* _Action item_: Omit all pictures. Quote the lines from the one with "a t - shirt with a psychedelic eye on it" through the end of the listing below, exactly as they appear.

* _Material provided_:
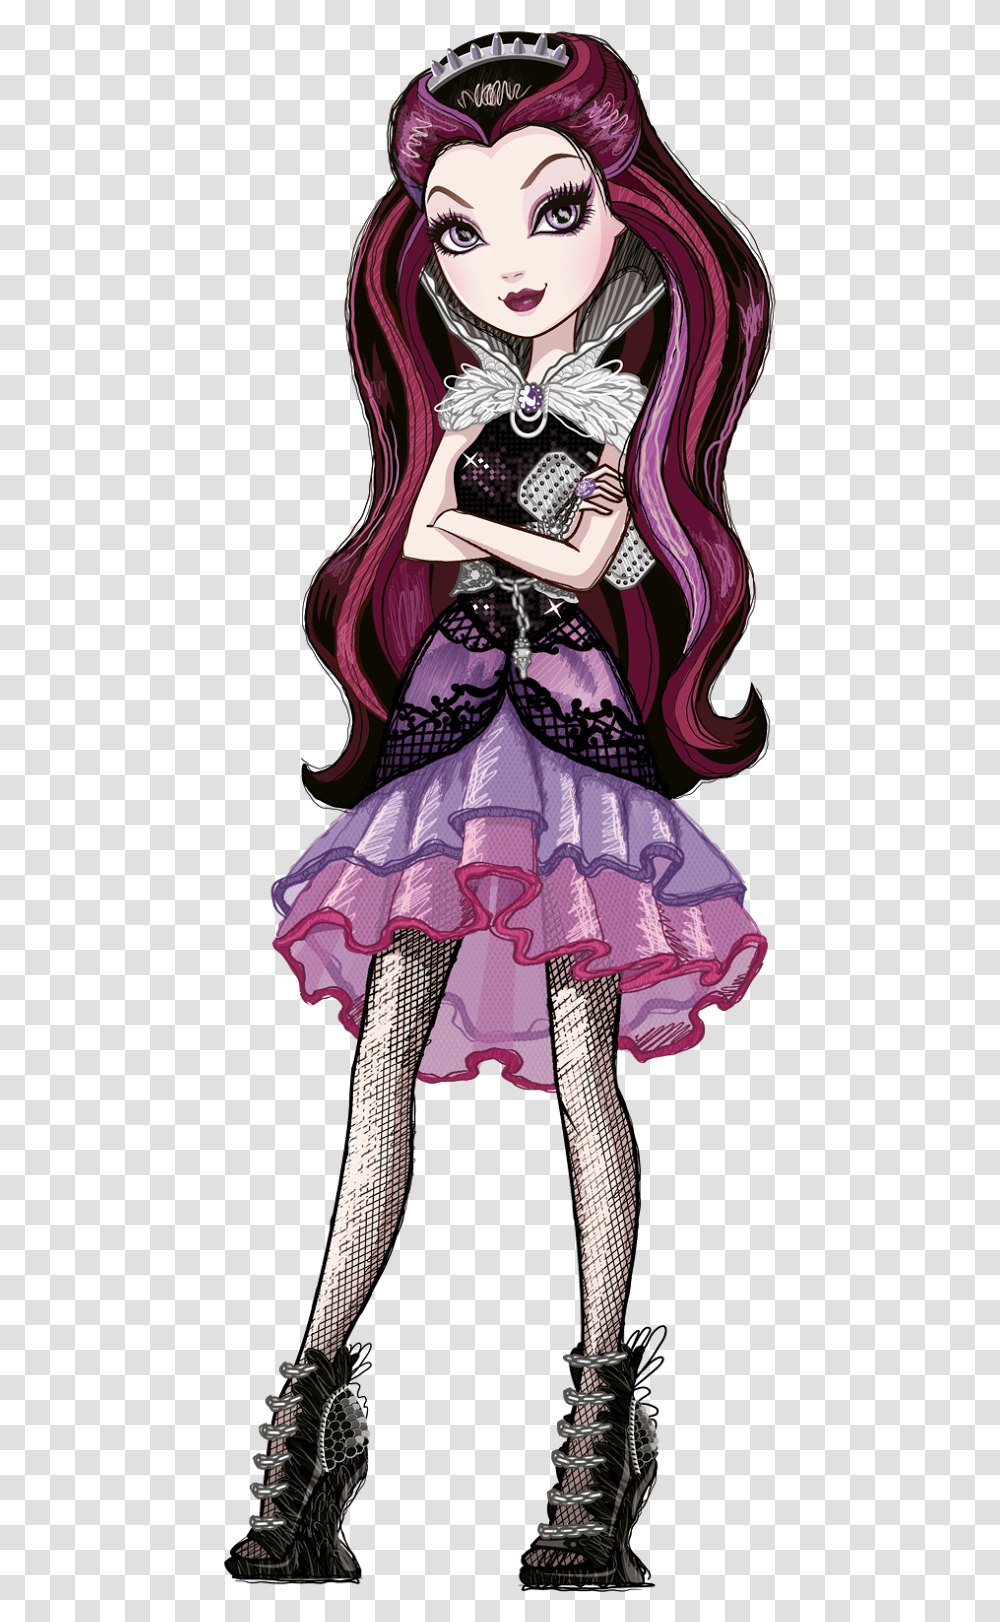 Library Of Raven Halloween Jpg Black And White Download Ever After High Raven Queen, Clothing, Doll, Toy, Person Transparent Png
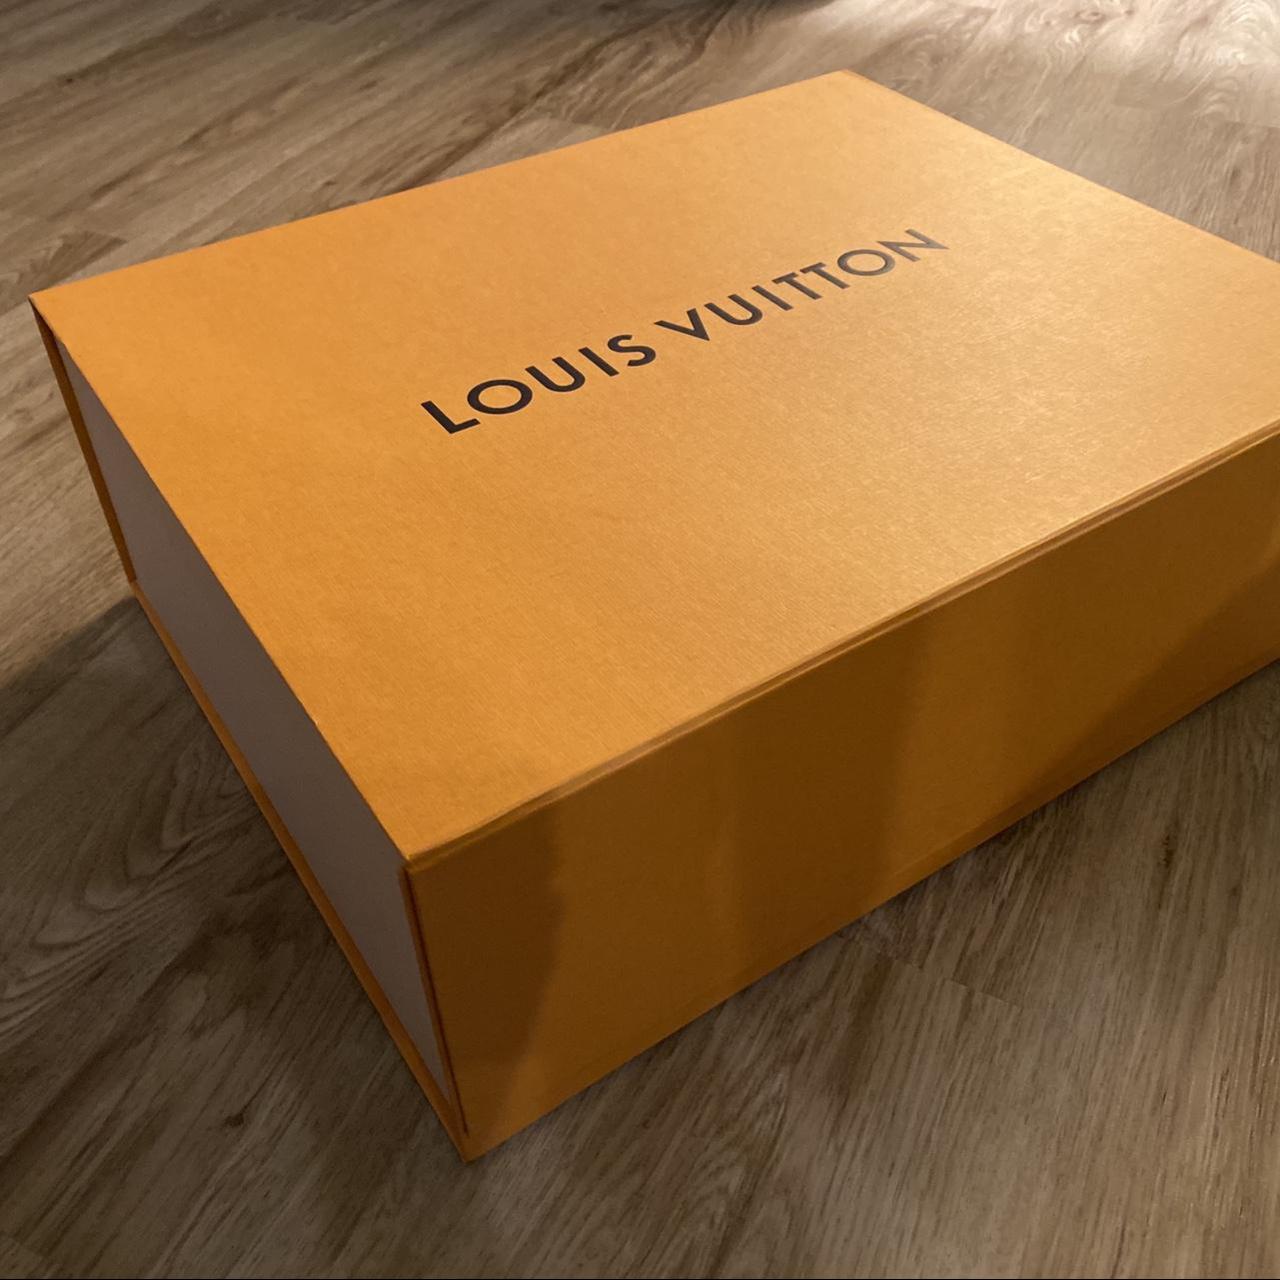 Authentic Louis Vuitton Magnetic Packing Box  Authentic louis vuitton, Louis  vuitton, Vuitton
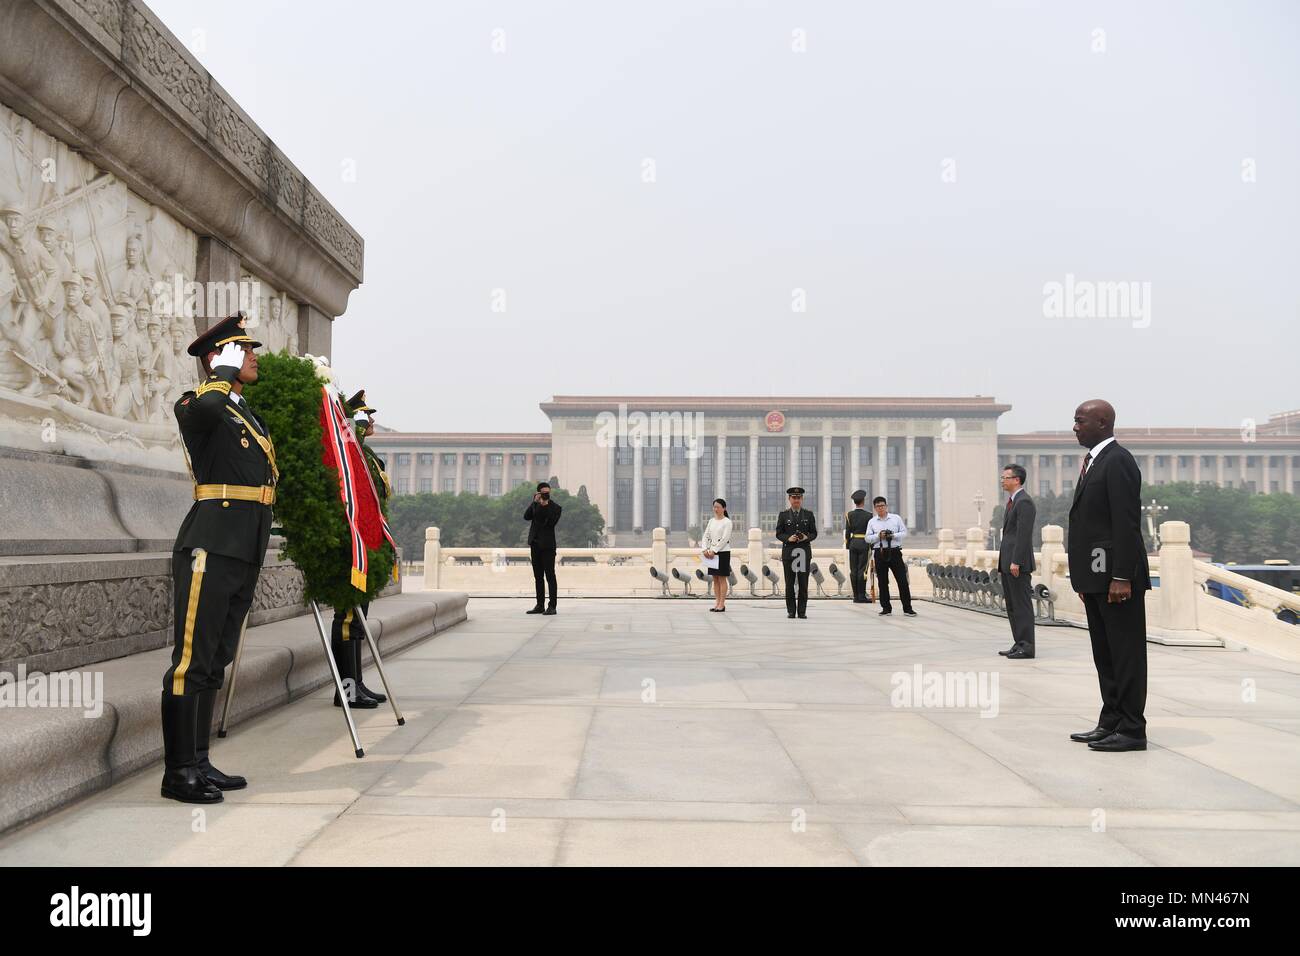 Beijing, China. 14th May, 2018. Prime Minister Keith Rowley of Trinidad and Tobago lays a wreath to the Monument to the People's Heroes at the Tian'anmen Square in Beijing, capital of China, May 14, 2018. Credit: Chen Yehua/Xinhua/Alamy Live News Stock Photo
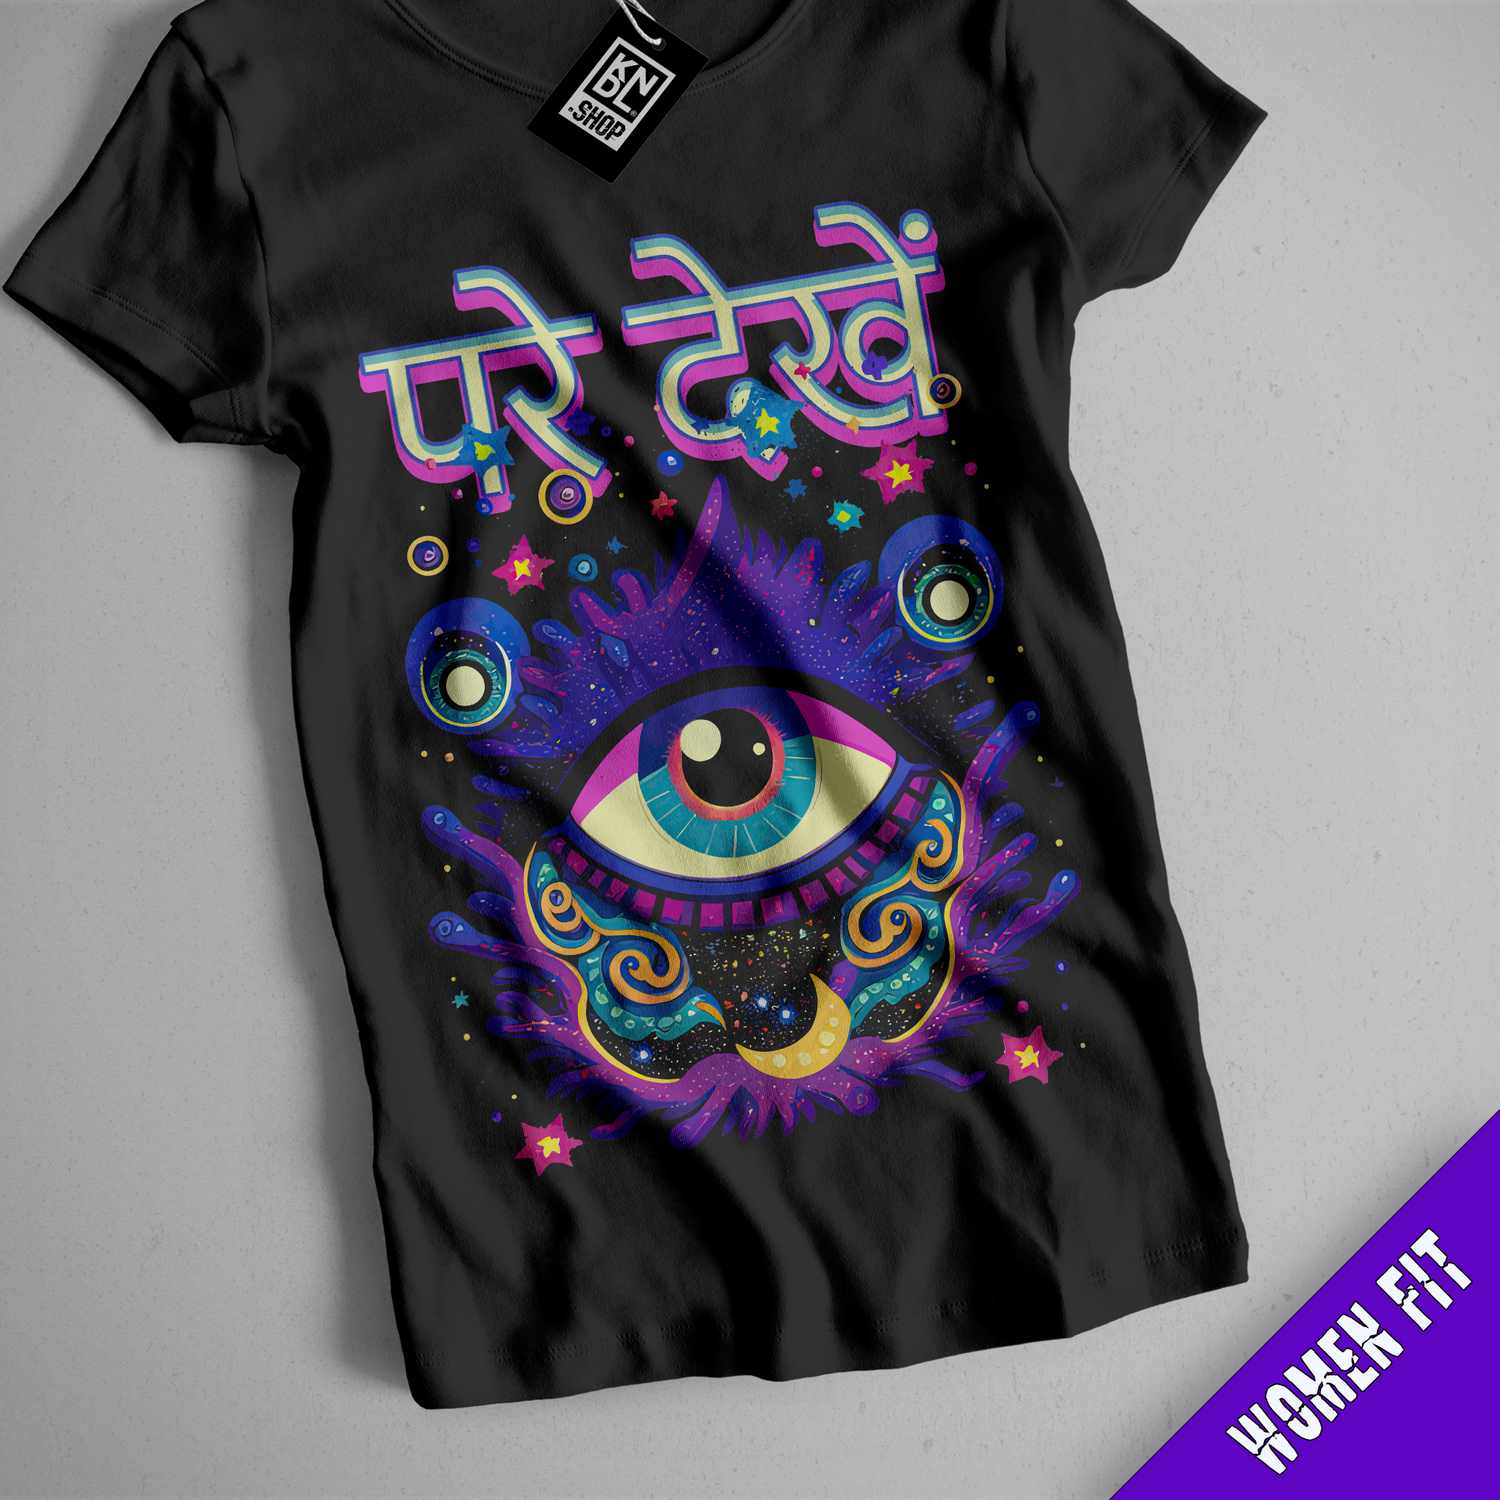 a t - shirt with a psychedelic eye on it
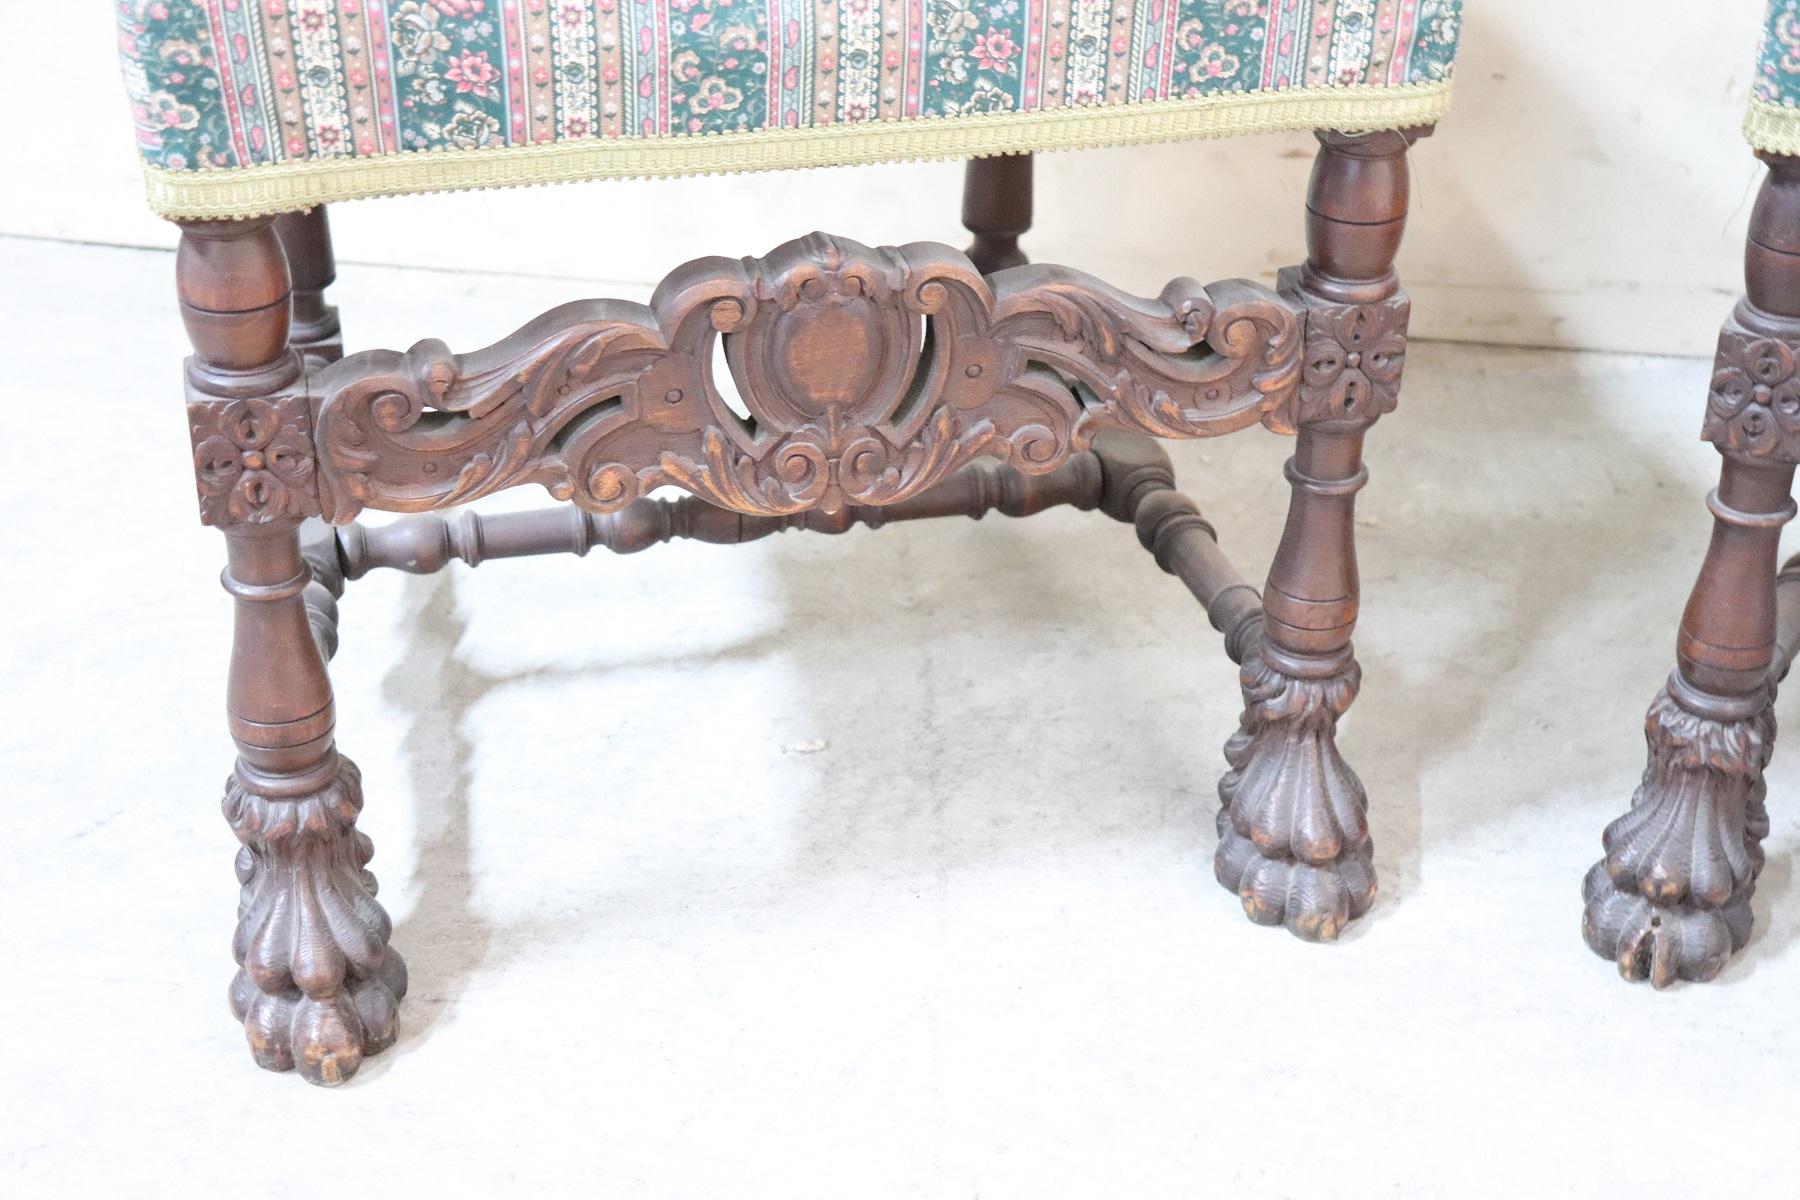 Impressive rare pair of throne chairs in perfect Italian Renaissance style. Made of solid walnut wood. The finely carved wooden backrest with very complex decoration. The armrests and legs are in turned solid walnut. particular lion's paw feet

* _Worked solution_:
 a t - shirt with a psychedelic eye on it
 Impressive rare pair of throne chairs in perfect Italian Renaissance style. Made of solid walnut wood. The finely carved wooden backrest with very complex decoration. The armrests and legs are in turned solid walnut. particular lion's paw feet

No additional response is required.